Extracted data:
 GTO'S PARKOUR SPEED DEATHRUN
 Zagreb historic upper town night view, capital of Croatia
...
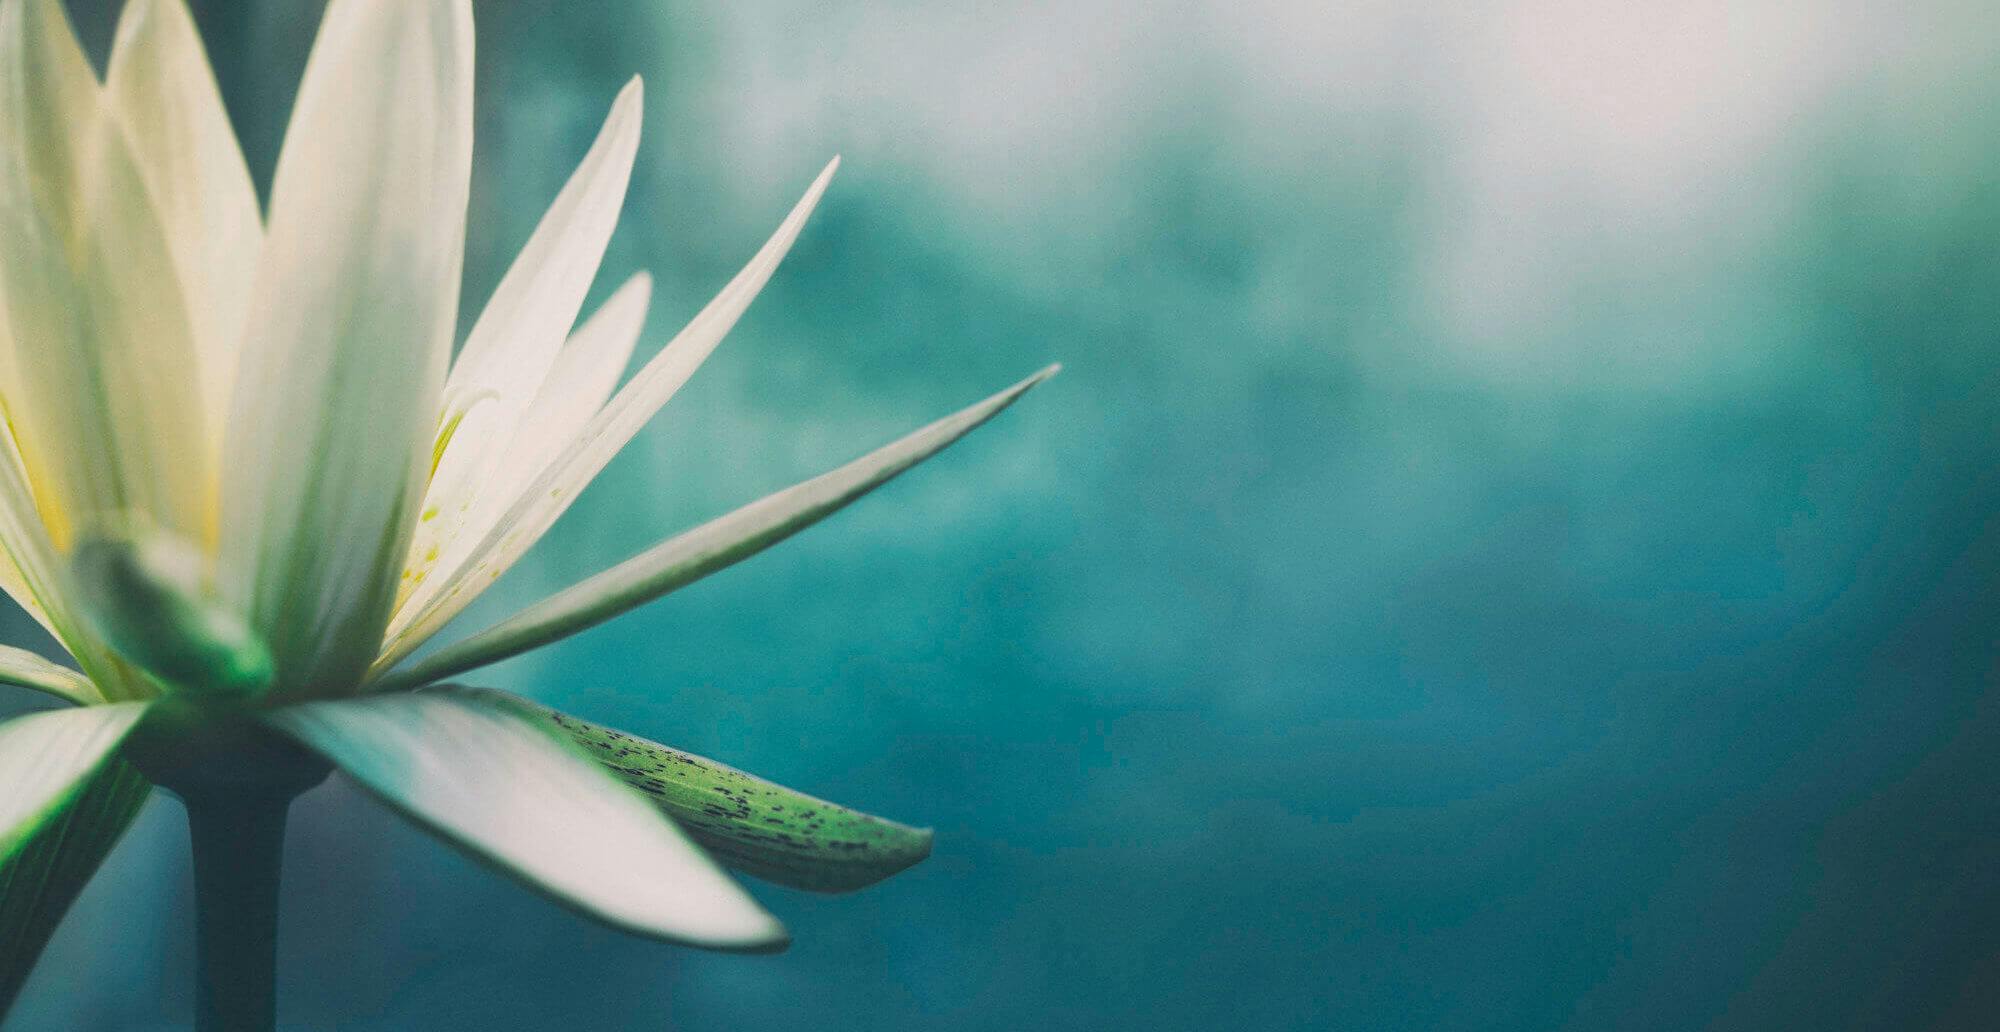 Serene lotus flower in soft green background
==
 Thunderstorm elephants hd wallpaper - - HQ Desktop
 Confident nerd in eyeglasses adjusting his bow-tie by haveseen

Problem to work on:
Starting at the line that has "GTO'S PARKOUR SPEED DEATHRUN" and ending at the line that has "Zagreb historic upper", please write out the lines above exactly, leaving out all others.

Result of the exercise:
 GTO'S PARKOUR SPEED DEATHRUN
 Zagreb historic upper town night view, capital of Croatia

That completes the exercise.